After she left primary school, she went to sit an entrance exam organised by a local elite middle school – Wenzhou Foreign Language School. How did she do? One evening she announced she had some news to break. “I have passed the test and will be a student there this autumn!” She is the only one of the pupils in her class who is admitted to the middle school.

 

Lucy’s summer holiday is like most urban kids’. Both of her parents have to work during the day and so she is left alone at home. She does reading, watches TV and plays some computer games. A bit boring, I bet. Neither her mum nor her dad can come home for lunch. She goes to buy a meal at a community takeaway. Her lunch is some sandwich, hamburger or yogurt.
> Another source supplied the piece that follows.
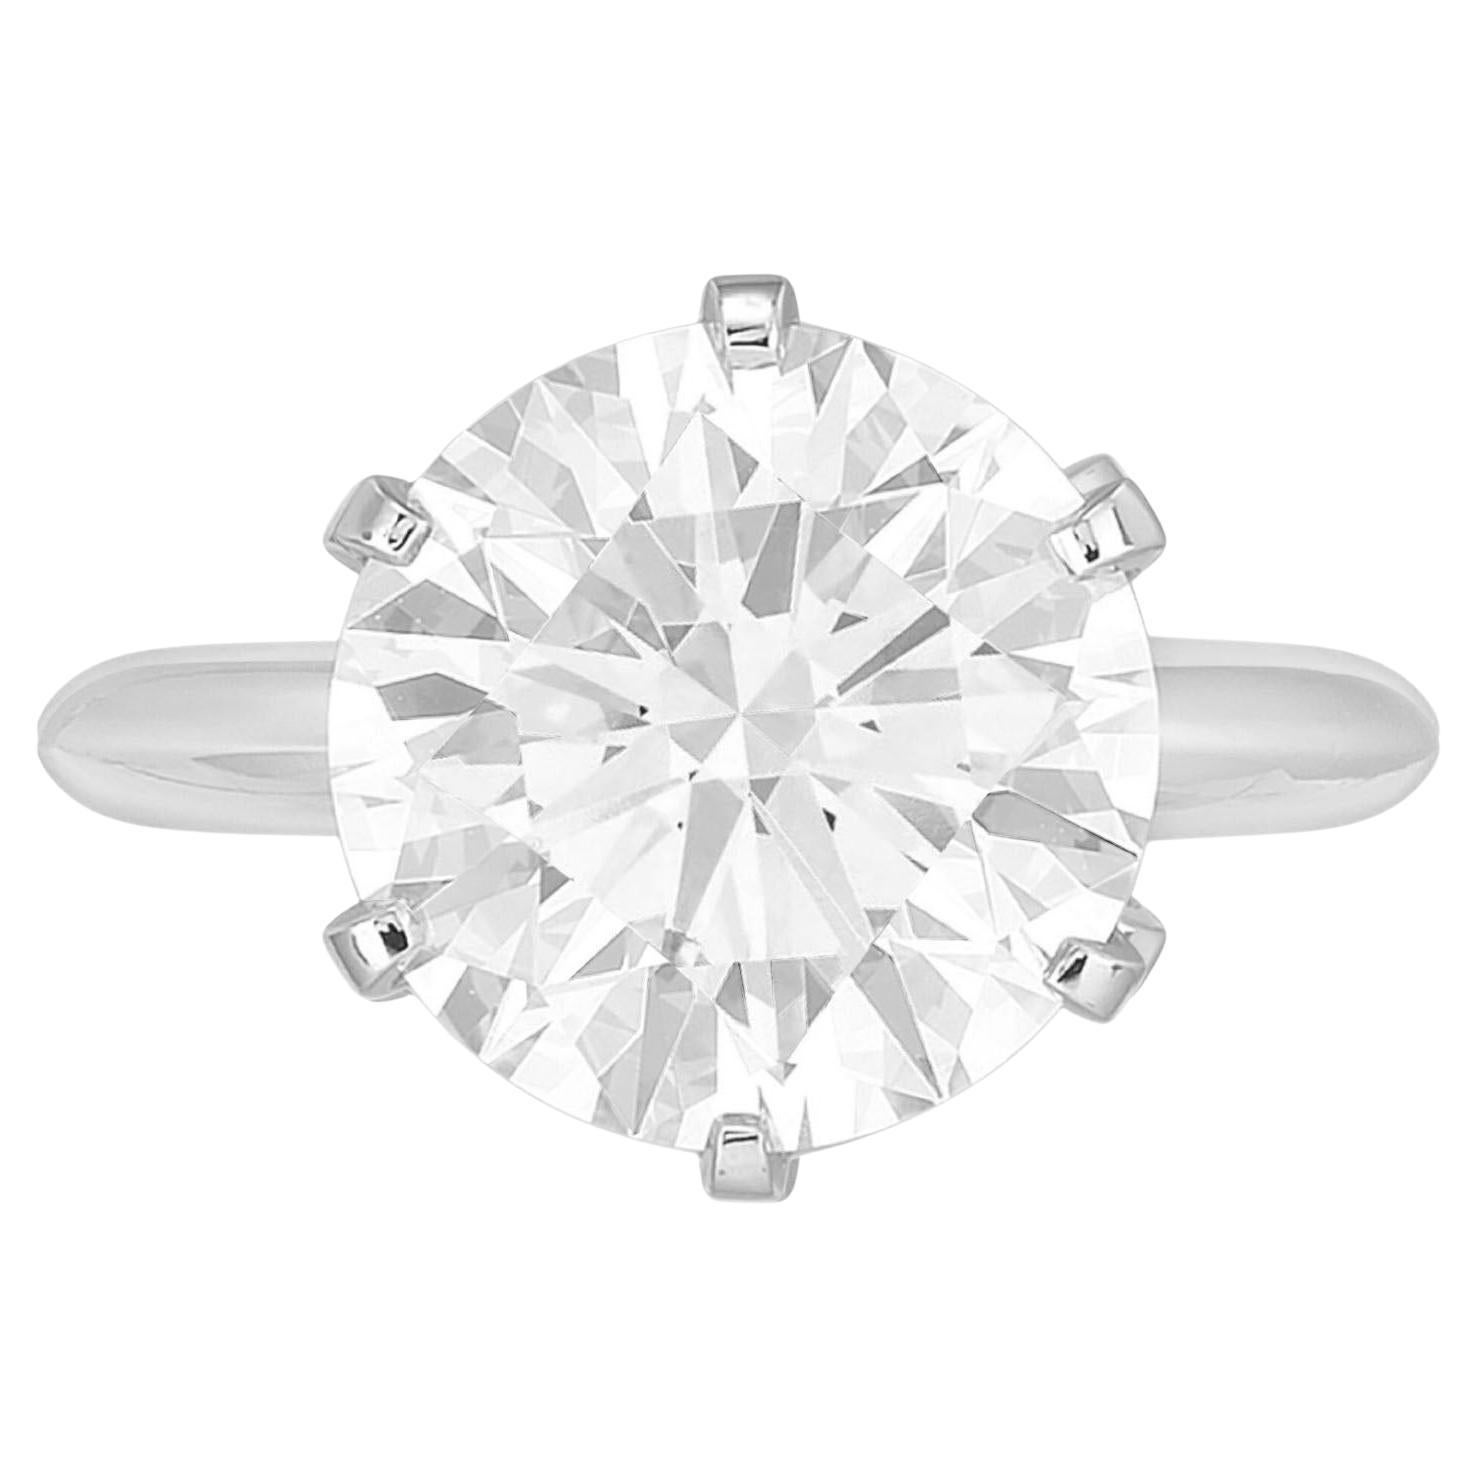 Schmücken Sie sich mit der zeitlosen Eleganz dieses GIA-zertifizierten Solitärrings mit einem runden Diamanten von 5,02 Karat - ein atemberaubendes Symbol für unvergängliche Schönheit und Raffinesse. Das Herzstück dieses exquisiten Rings ist ein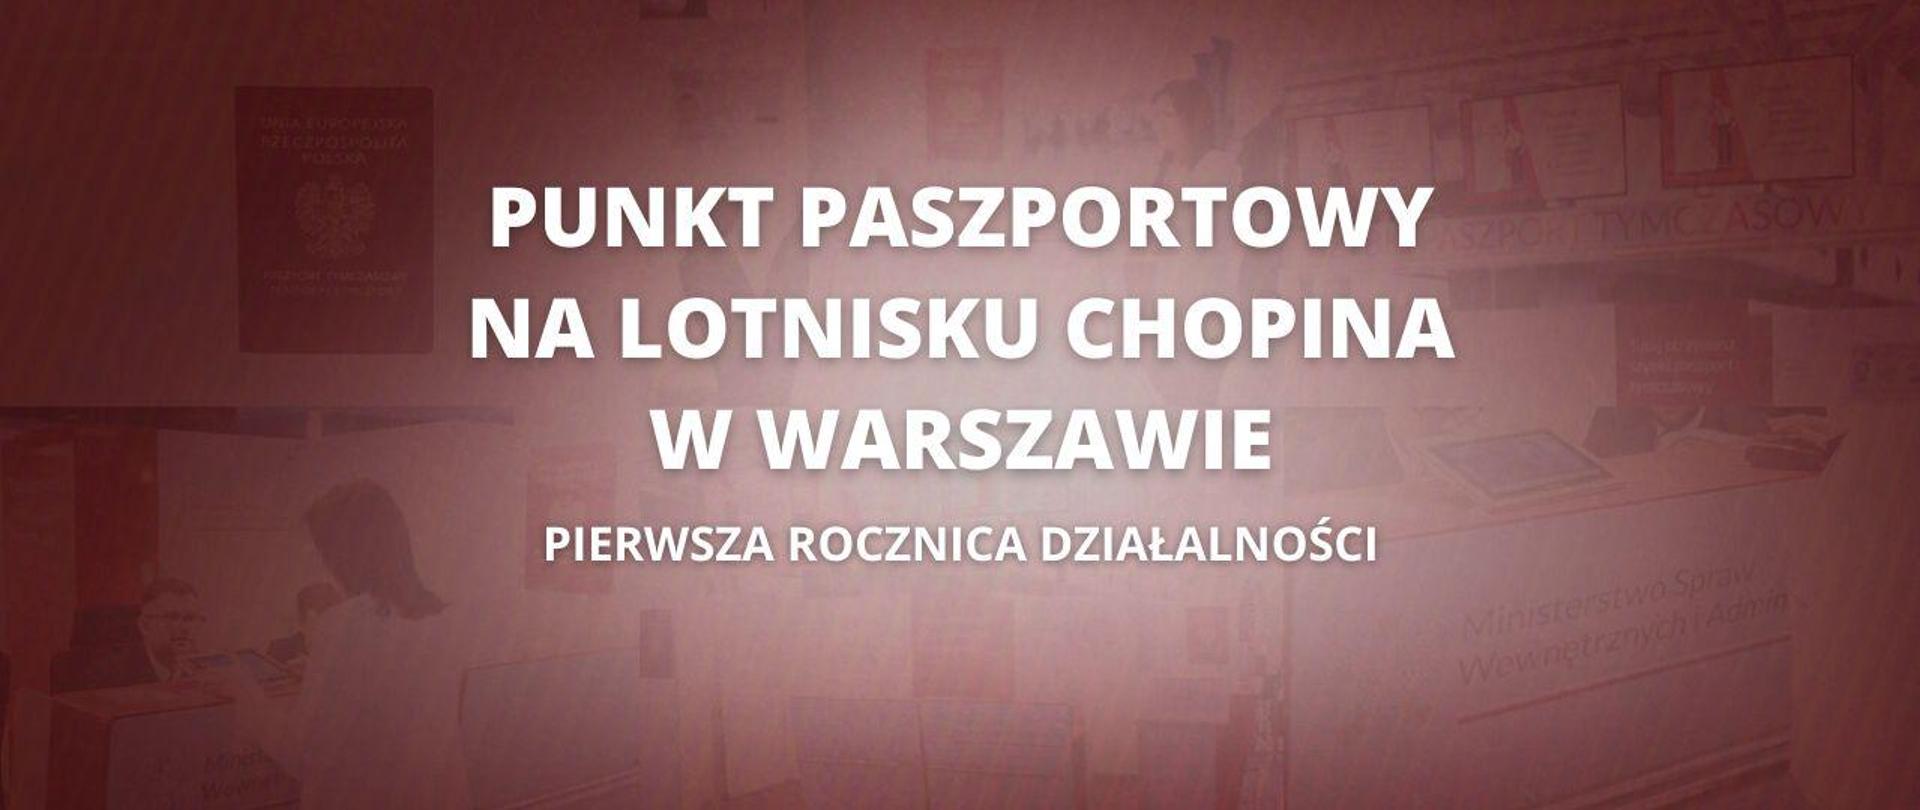 Punkt paszportowy na lotnisku Chopina w Warszawie - pierwsza rocznica działalności

Why doesn’t she have some Chinese meals? Well, the restaurant does not offer traditional Chinese meals, and she has to go there because she gets meals cheaper using a coupon her mum has got for her.

 

Lucy is kind. There is a hole in a wall of her home, which was left there after an air-conditioner was installed. A bird family has nested there for some time. One day a birdie fell off the nest and had one of its legs broken. Lucy babied it for a few days but unluckily the creature died in the end.

 

I wish Lucy No. 3 all the best in Wenzhou. May she excel in middle school, too.